True Bleeding: This is crossing a strain, usually a landrace, with a traditional breeder's creation. It will produce consistent offspring with the dominant parent's phenotype, usually the landrace strain. There will be a single trait that will always recur.

Sometimes, the result of two marijuana strains may not be intentional. Maybe one of the strains has more of the characteristics wanted in a plant. Fortunately, there are other ways to get results than standard crossing.

Backcrossing is when breeders take a child strain and cross it with one of its parents. This helps isolate a chosen trait. The more backcrossing, the more the anticipated trait dominates.

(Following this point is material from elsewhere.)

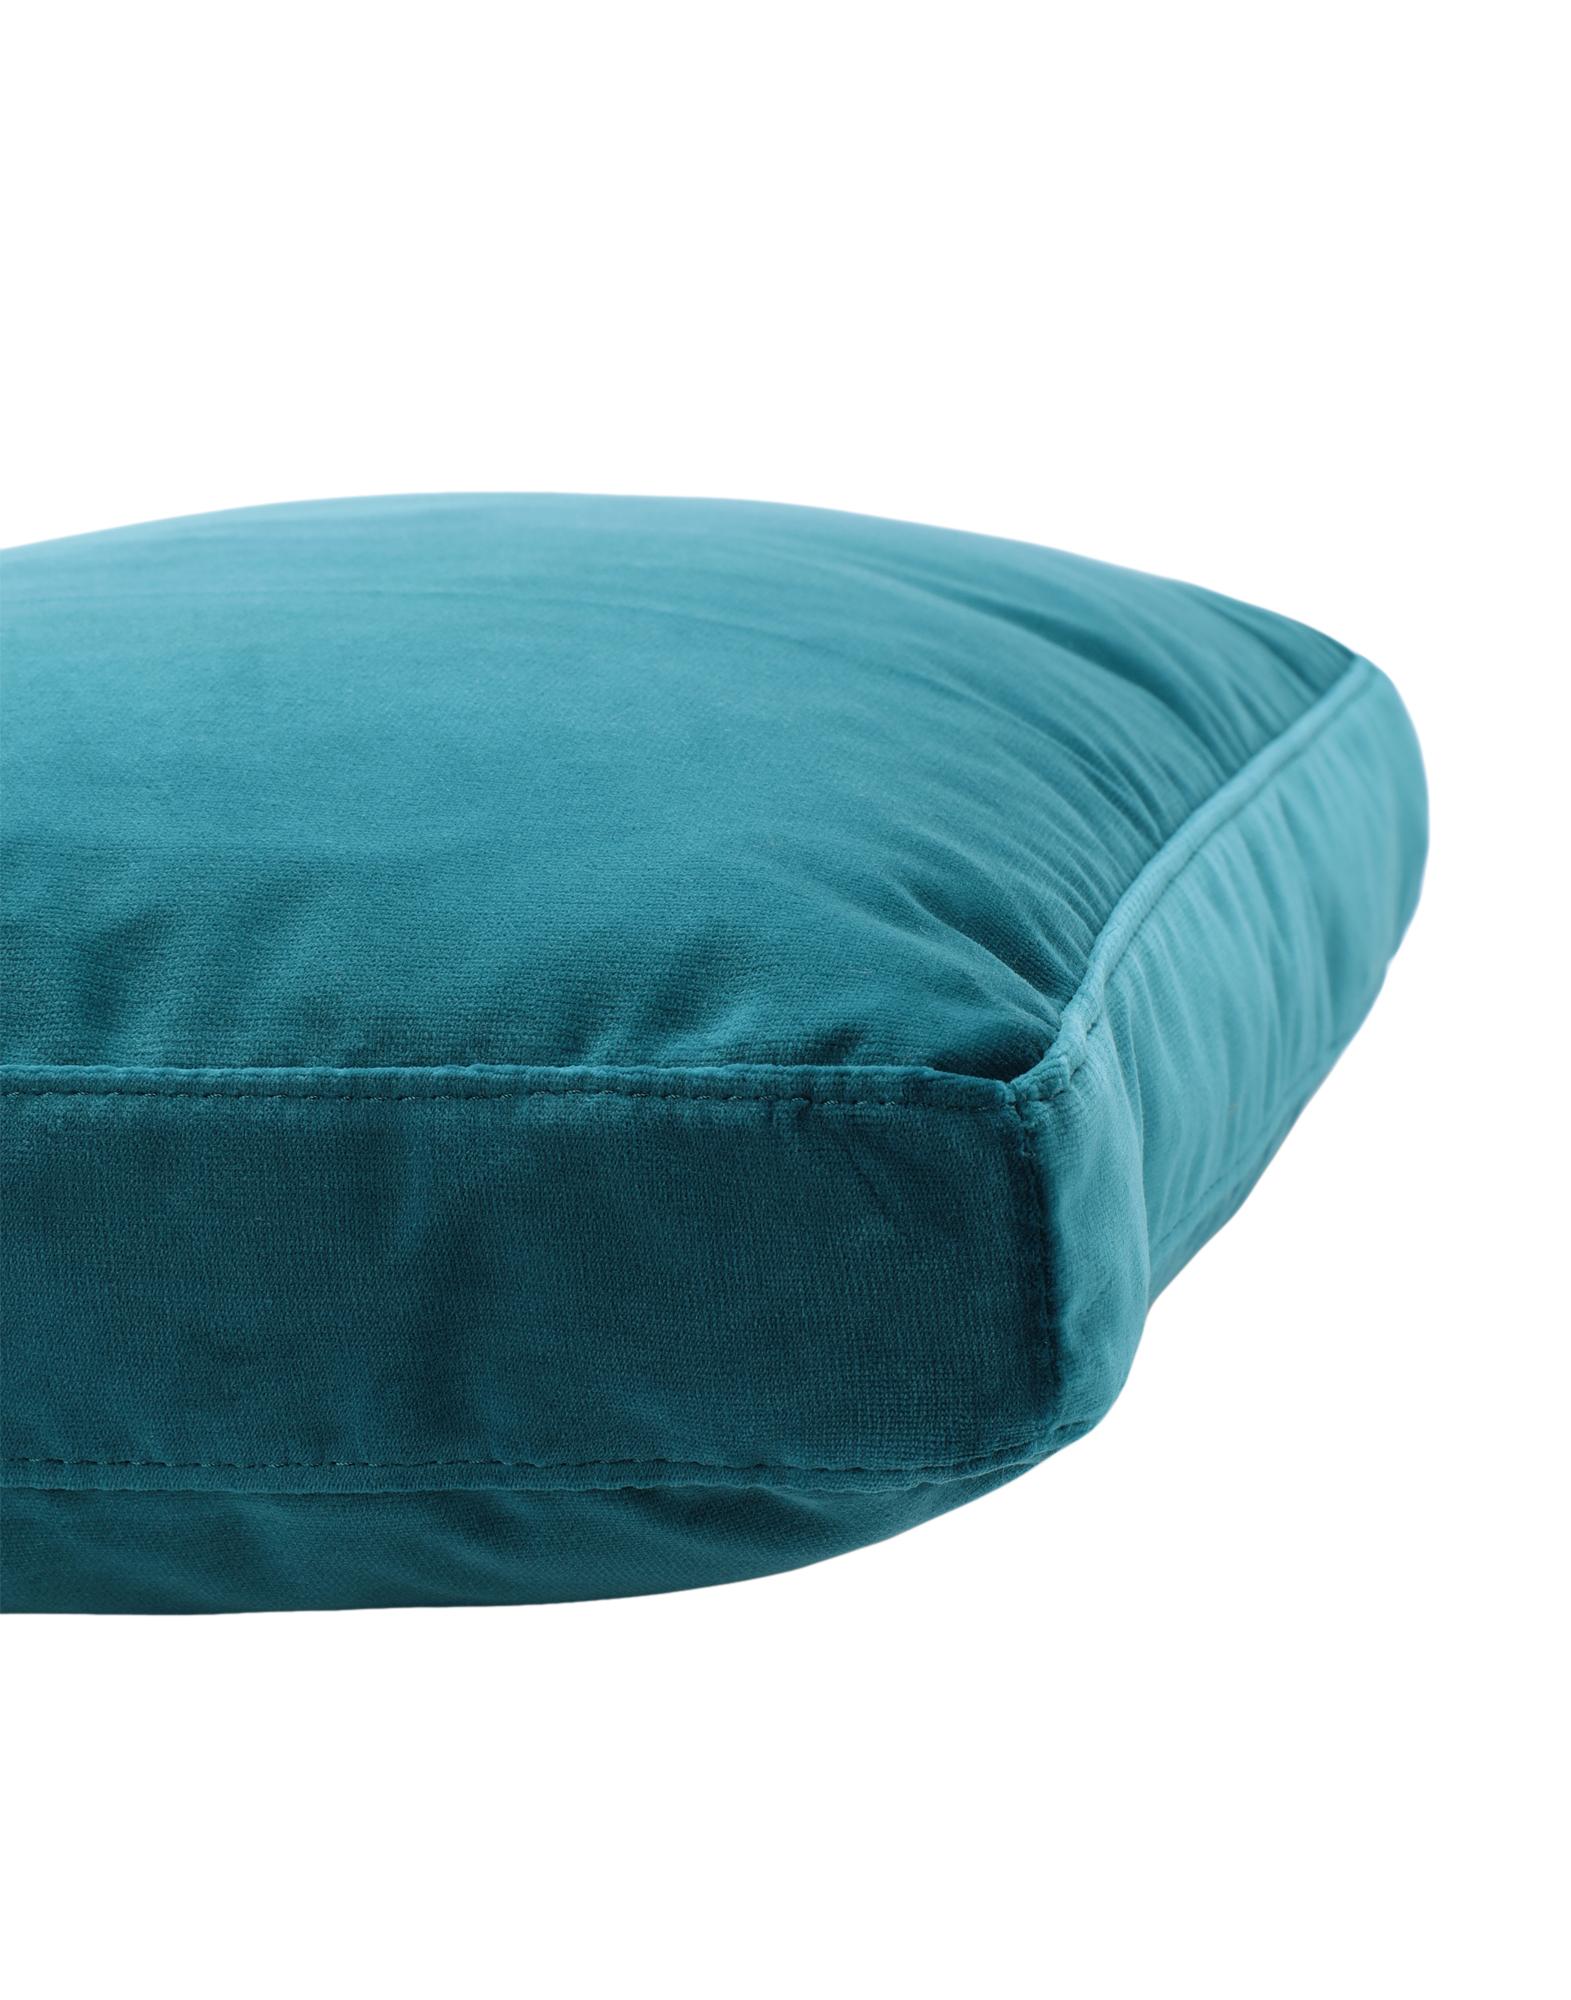 Kartell Cushions Largo in Velvet by Piero Lissoni For Sale 1

While it seems right to keep backcrossing until anticipated results are achieved, it may also result in low-quality strains. Heavy backcrossing may produce corrupt recessive genes in the plant. It also negatively affects the plant's heath, a process referred to as Inbreeding Depression.

Outbreeding helps with Inbreeding Depression. While aiding the recessive gene, a breeder may find themselves with a variety of results. There is also a chance that the corrupt recessive gene will surface.

Geneticists

A geneticist is a person who works with genetics. Cannabis geneticists study what all the chemicals in marijuana actually do and their genetic basis. There are a few geneticists competing with one another, trying to create their own sequence. Regrettably, at the current time, it is unlikely to assemble and reference a genome unless it's a solid inbred strain.

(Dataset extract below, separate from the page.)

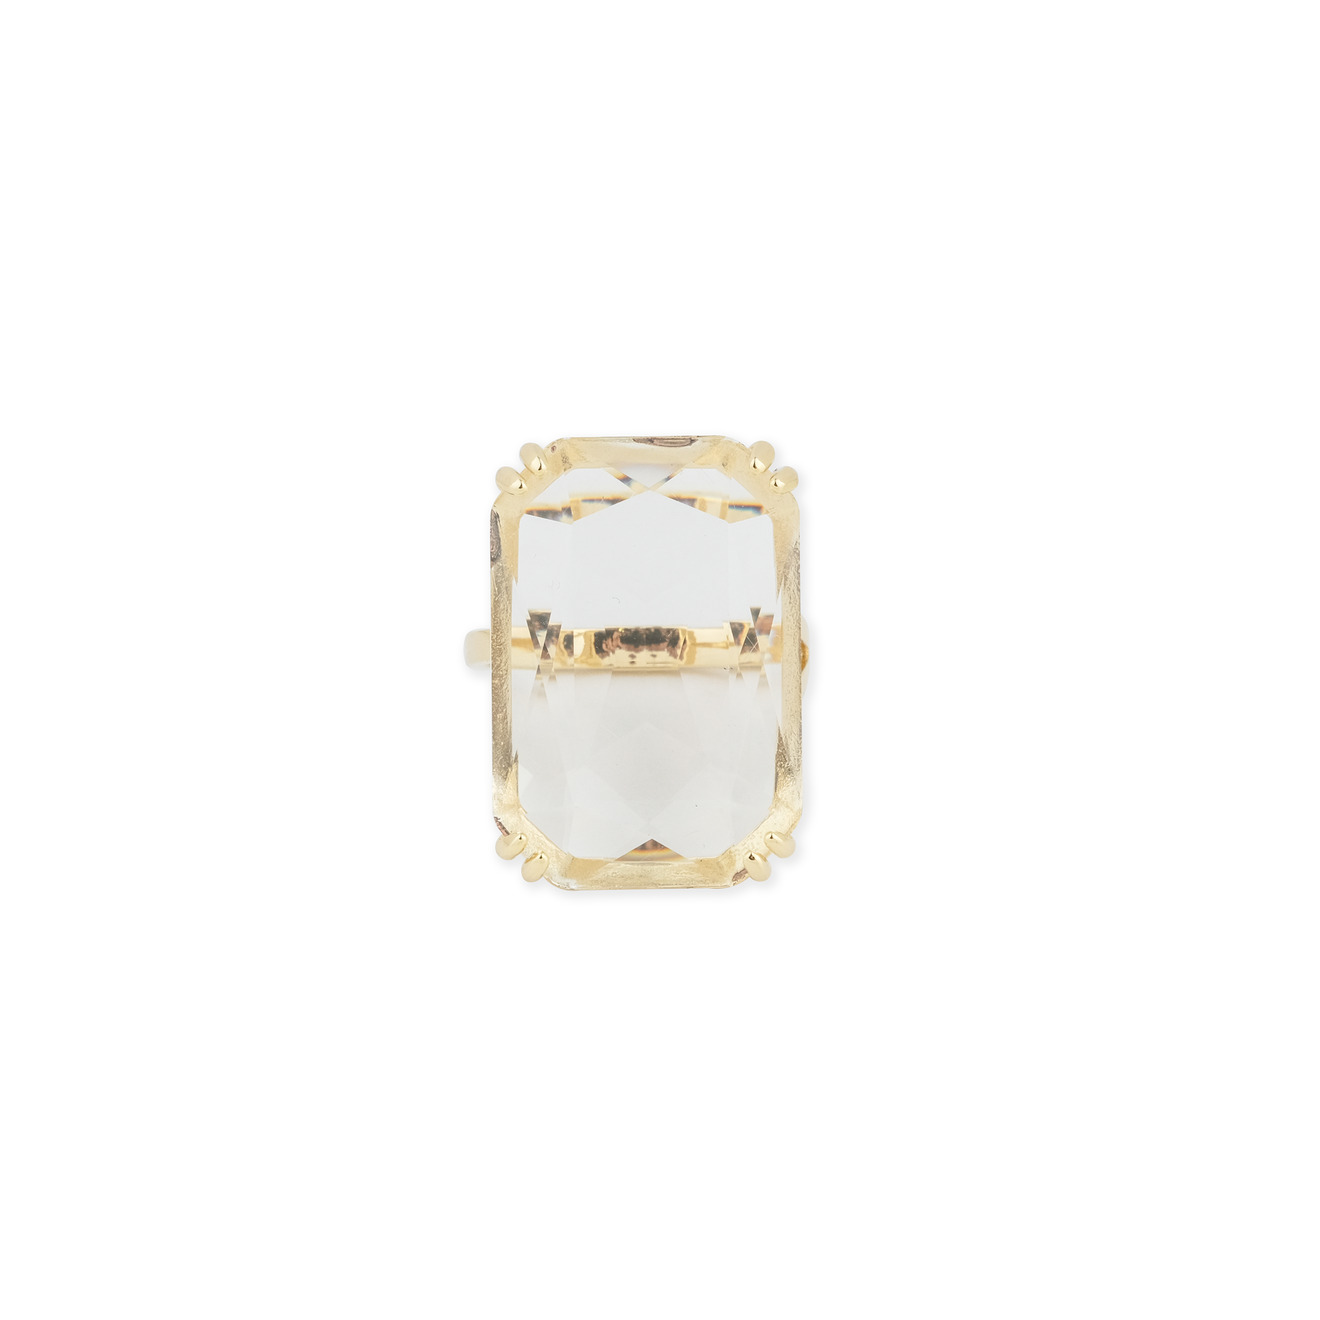 Herald Percy Золотистое кольцо с прямоугольным кристаллом herald percy золотистая цепочка с подвеской сердцем с кристаллом

Their goal is to build a better strain of weed. In order to do that, they must break up the current genetic codes of cannabis plants and analyze them. In other circumstances, geneticists would use the overlaps in the code to put their creation together.

Unfortunately, cannabis genomes are naturally full of repeating sequences and geneticists have difficulty determining with certainty which codes overlap. In modern strains, there are as many as 11 copies of the gene that synthesizes THC.

woman with pot leaf

The first attempt to spice and analyze resulted in hundreds of thousands of tiny, impossible-to-read fragments. The last attempt was used with an updated sequencer called the PacBio, which reads fragmented DNA of 53,000 base pairs. The outcome did not create a genome, however, 583 million base pairs were broken down to 18,000 pieces.

With limited research capabilities, cannabis-crossing is not currently accurate. The hope is that scientists and geneticists are able to fully dive into the science of cannabis. Only then will the creation of marijuana strains have a consistent and precise outcome.